= Boiler scrappage scheme =

2010 UK scrappage scheme

The UK boiler scrappage scheme was a scrappage scheme to subsidise up to 125,000 English households to install newer, fuel-efficient heating systems and stay warm without wasting energy. Each qualifying household would receive a £400 grant. Households that took part were expected to save between £200 and £235 a year on fuel bills, cut their carbon emissions and sustain work for the heating industry.

The scheme was announced by the Chancellor Alistair Darling in a Pre-Budget Report at the end of 2009 and launched on 5 January 2010. A similar vehicle scrappage scheme had already been announced in the 2009 budget. The total cost was to be £50 million, with a further £150 million for the Warm Front Scheme.

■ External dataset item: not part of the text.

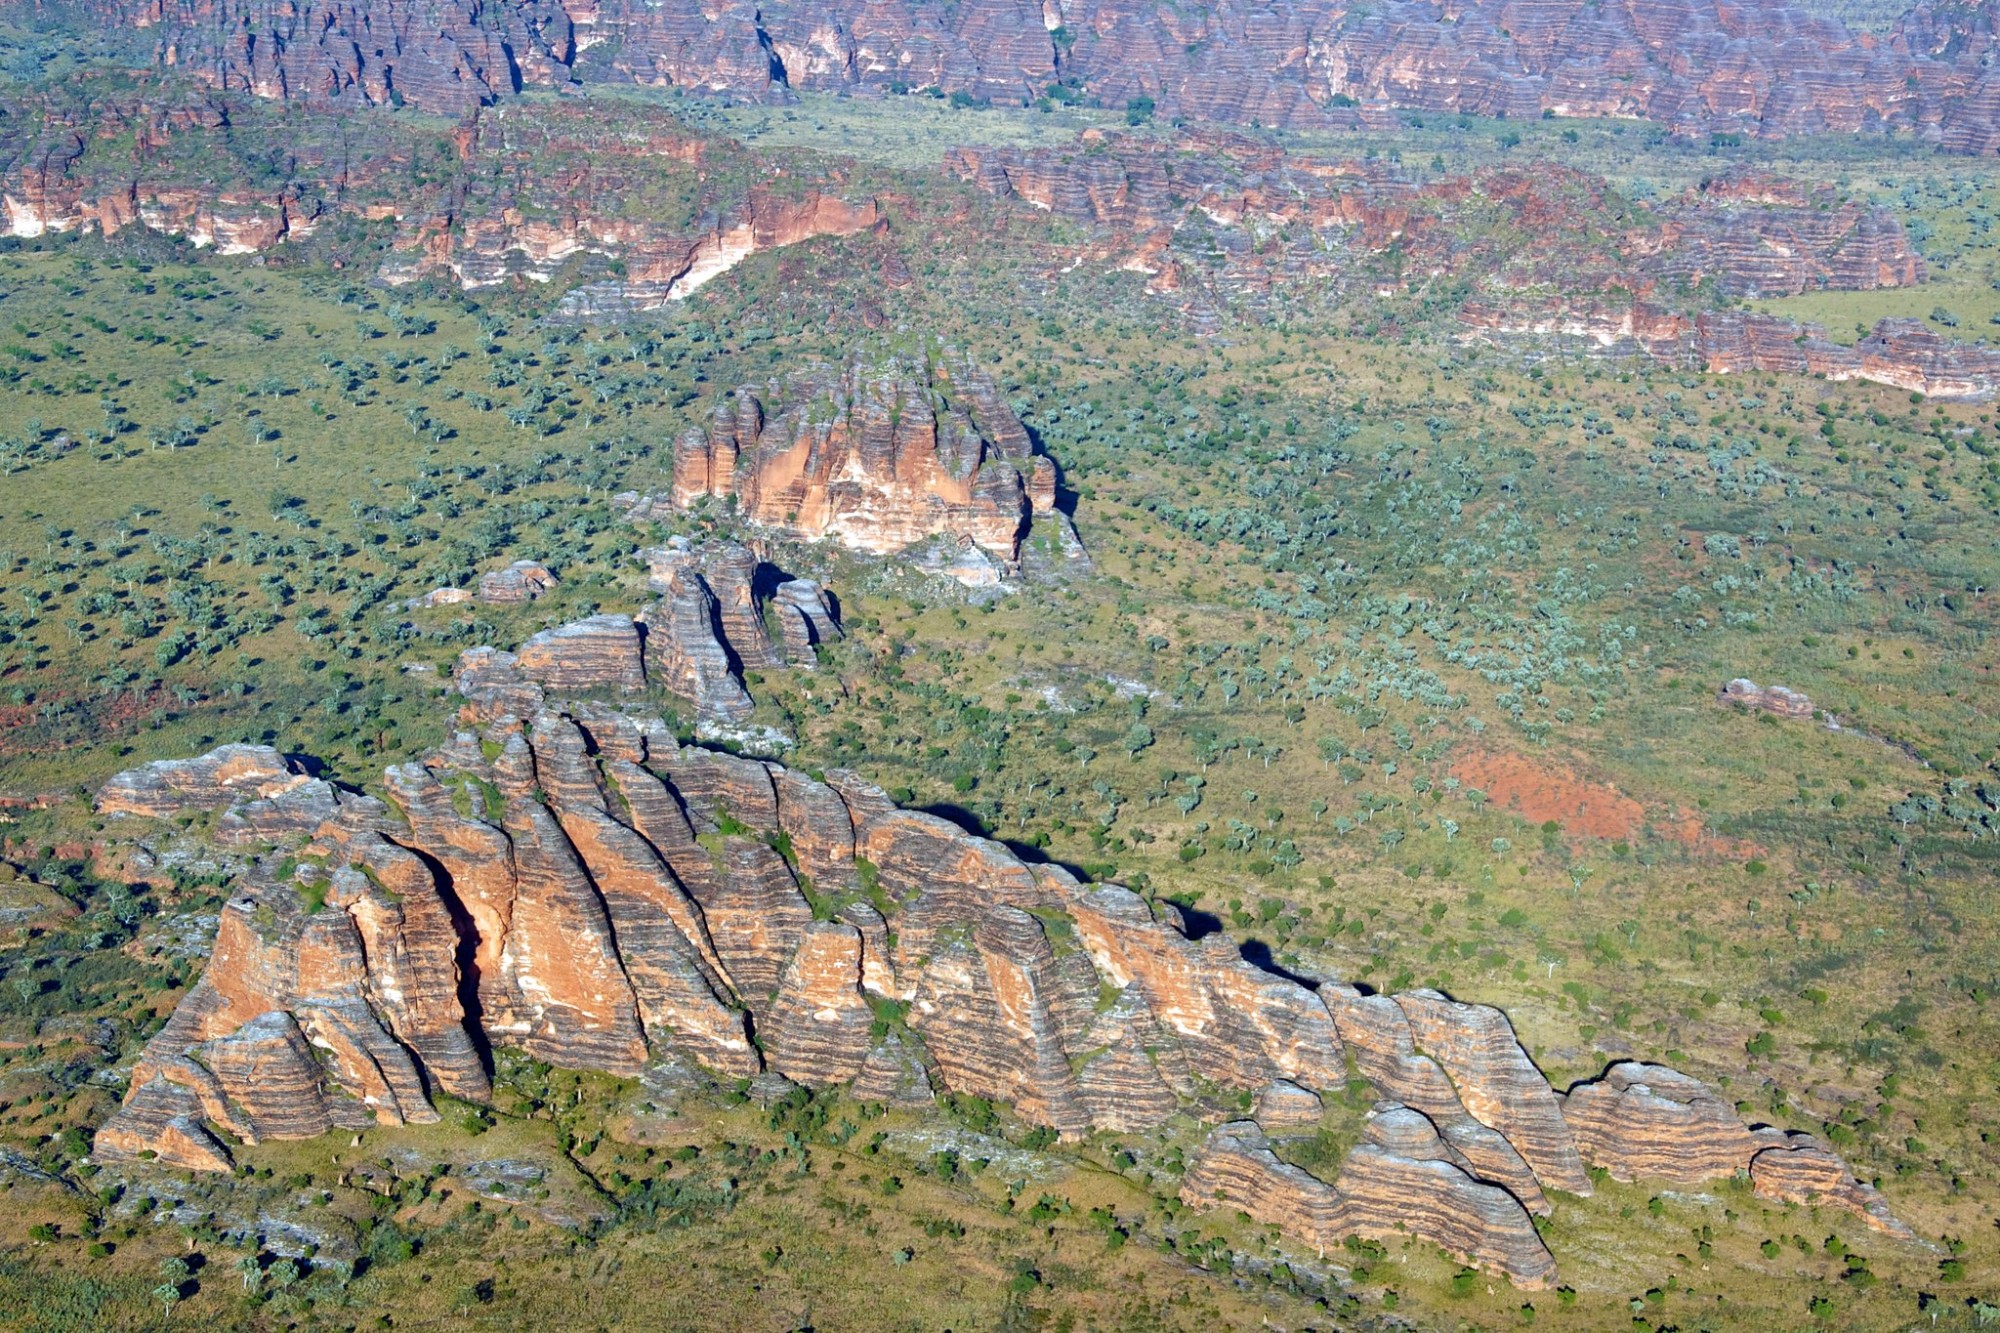 According to researchers, the Bungle Bungle Range owes its appearance to a series of geological processes that unfolded approximately 375 to 350 million years ago.

To qualify, one had to live in England and have a working G-rated boiler. Successful applicants received a voucher for £400 off the price of either a modern A-rated boiler or a renewable heating system (such as a biomass boiler, heat pump or micro CHP). After a completed installation, the voucher could be redeemed from the Energy Saving Trust for its £400 monetary value.

Some suppliers were criticised for high prices of the replacement boilers offered. Even though some of the major power companies were offering a further £400 discount to match the government voucher, their overall price was still considerably greater than that from an independent fitter.

Unlike some other UK schemes, the scheme was taken up widely and all 125,000 vouchers were claimed within a few months, with the scheme then closing. Later schemes were available but were targeted at benefits claimants, rather than the least efficient boilers.